Search
Tags

Entries in guardian (1)

Tuesday
Oct192010

Using linked data to build context around news

In a post a few weeks ago on the excellent R4isStatic, the BBC's Paul Rissen outlined an inspiring vision of how news could be enhanced by embracing the possibilities of the web as a medium. Hold on, I hear you cry, surely news has been there, done that and is now hurrying off behind a paywall again? Hasn't the web transformed the way organisations distribute news, people consume it and even, through social media, the way that news is gathered in the first place? Well, yes, yes and yes - but.

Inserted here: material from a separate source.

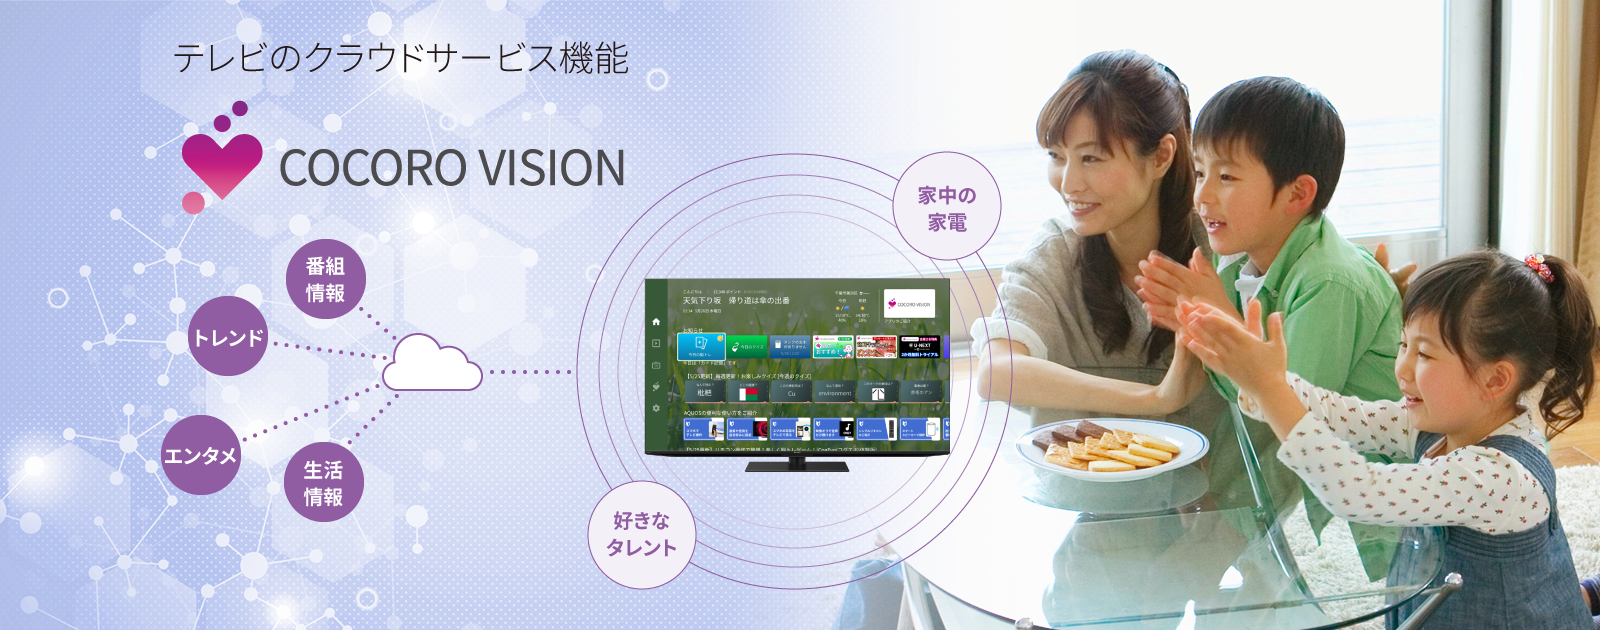 テレビのクラウドサービス機能 COCORO VISION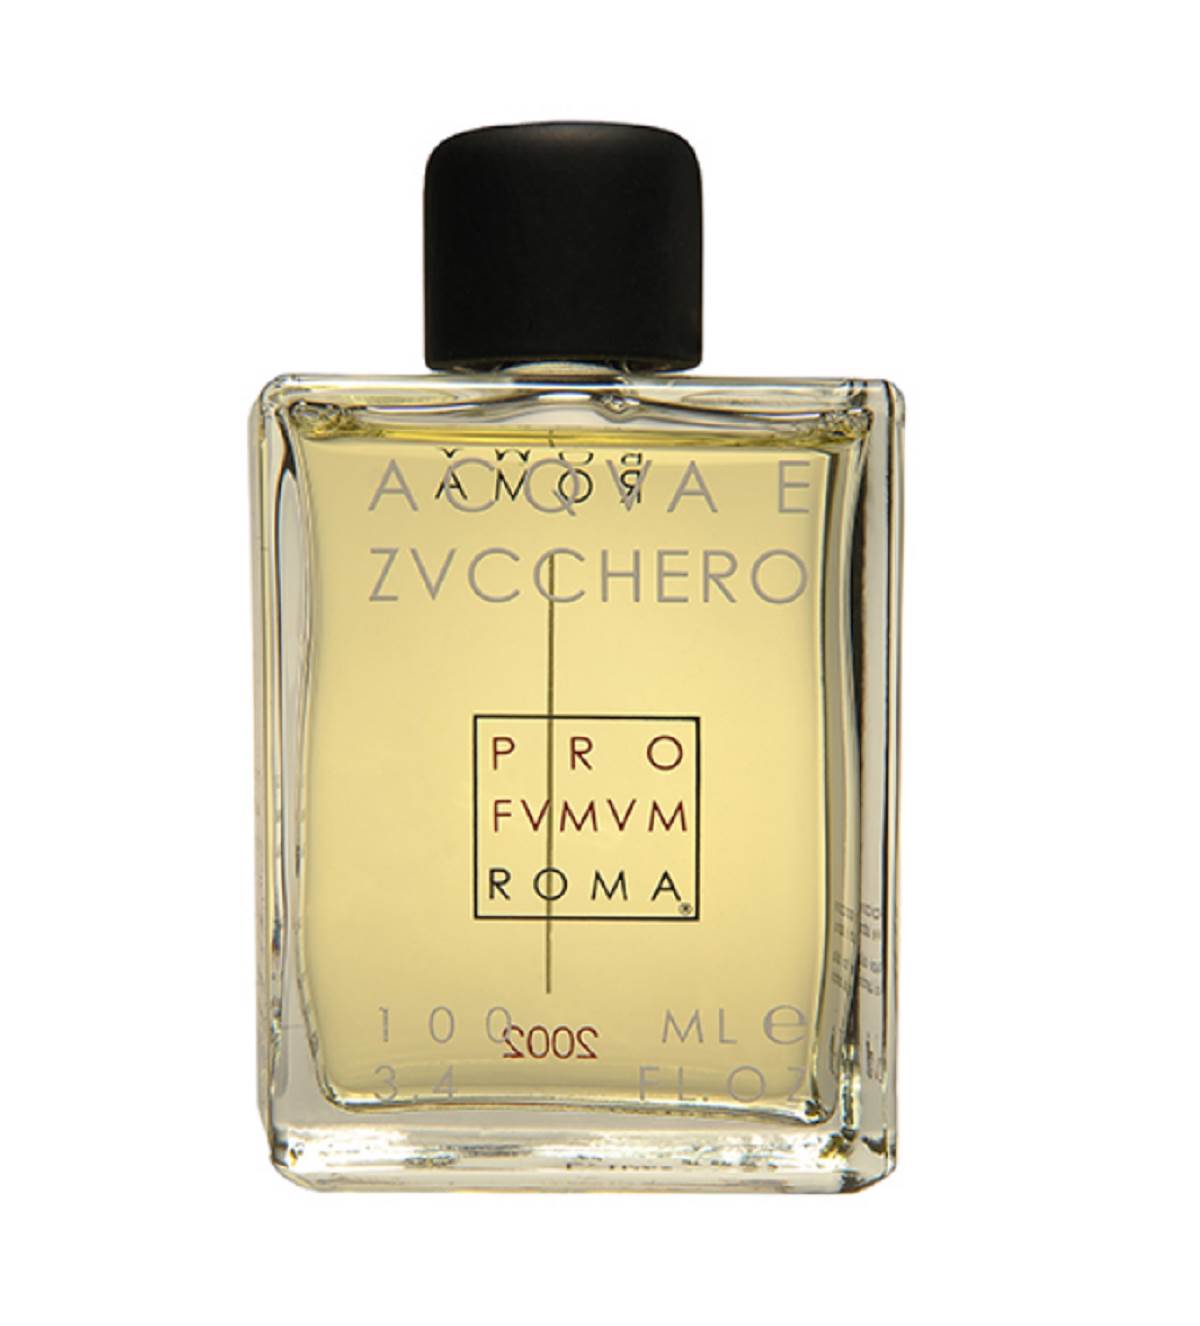  Vanilu takođe sadrži i popularni Acqva e Zucchero parfem, koji je kreiran u čast olfaktornih i čulnih zadovoljstava.

Paul makes the point that while the inputs and the outputs might have changed, the product itself remains remarkably similar. A story appears, without context, designed to simplify and dramatise a set of issues enough that readers, viewers or listeners will be quickly satisfied. Paul outlines how a data-driven, semantic approach to news might situate it in a wider and more meaningful context, drawing out the latent power of the web to deepen and enrich our understanding. (In so doing he has some trenchant observations to make about how it's the conservatism of journalists rather than new technology that's responsible for our supposedly shrinking attention spans.) I urge you to read the whole post and subscribe to the blog.

And I mention it now because yesterday the Guardian announced that its Open Platform Content API will allow users to query its data by MusicBrainz IDs and ISBN numbers. (I have to declare an interest; having overseen the BBC's adoption of MusicBrainz IDs as Interactive Editor for Music, I'm delighted to see another major content player take them up. Like any other standards, open data standards like MusicBrainz stand or fall by their spread and adoption.)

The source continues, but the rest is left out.